I don’t watch a great deal of TV, but I’m fairly sure that this is the country’s most hated ad campaign:

(That’s actually my favourite execution because it has subtitles. What the fuck for? And if you look on the YouTube page, the fat cunt singer actually has a name: Gio Compario. What a cunt. By the way, the giant fat cunt also has a blog, along with his own website. Cunt.)


I think it’s probably also the country’s most famous ad campaign. Here’s a little bit of evidence:

some other company's 6-sheet, Camden, 3-10-10

Like Esure, it really has entered the national psyche, and alas, alas, a-fucking-las, I’m sure the people responsible are just stoked to the hilt.But then the real problem is that it’s just one more irritating sore of a campaign that is also very successful.
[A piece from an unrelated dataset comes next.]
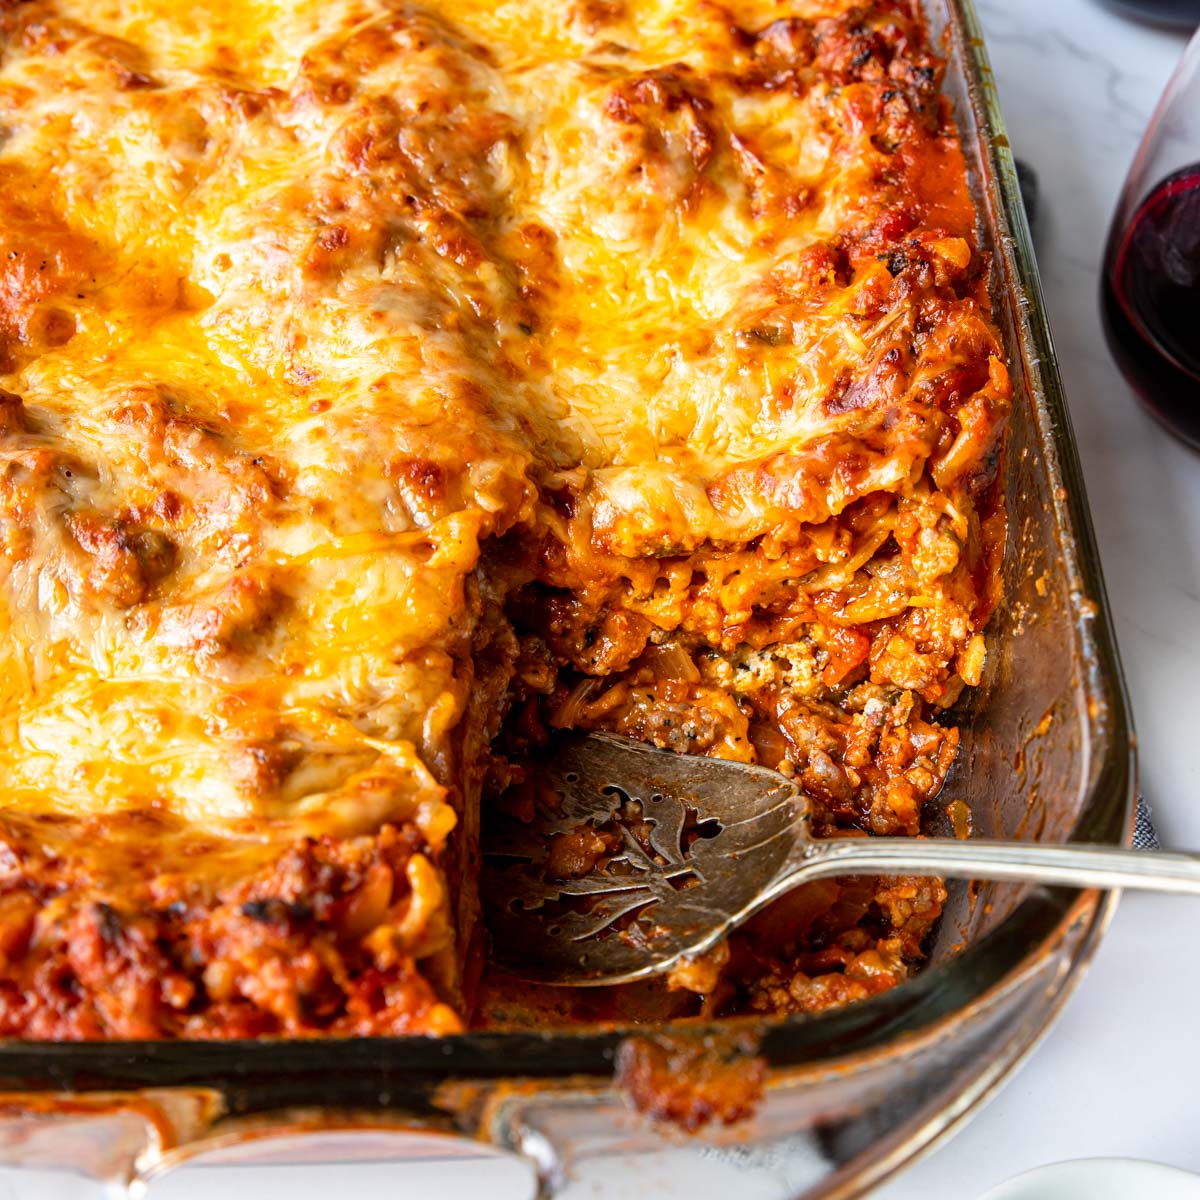 https://momsdinner.net/wp-content/uploads/2022/01/Best-Homemade-Meat-Lasagna-Recipe-1.jpg

That means that more of these kinds of campaign will be made and we’ll all have to suffer just a but more.

And that throws up two unanswerable questions:

Why does this kind of shit ‘work’? (There are plenty of other campaigns, good and shit, high and low media frequency, that fall flat on their faces and certainly don’t have people graffiti-ing other people’s advertising. Why is this one – and Esure – so famous?)

Why, if you had even the dimmest 0.000000000000000000000000000000000176 watt light shining from the depths of your soul, would you ever want to besmirch the collective cultural landscape like this? It’s literally like taking big buckets of shit and smearing them over all the walls of the UK until we submit and say, ‘Yes, we remember that you are the people who smear shit all over the place and do something else that we don’t really care about’.

Could everyone involved please Go Compare their genitalia to a circular saw, really, really closely, in the dark, while paralytically drunk.

PS: and it’s ‘thank your LUCKY stars’, you twats.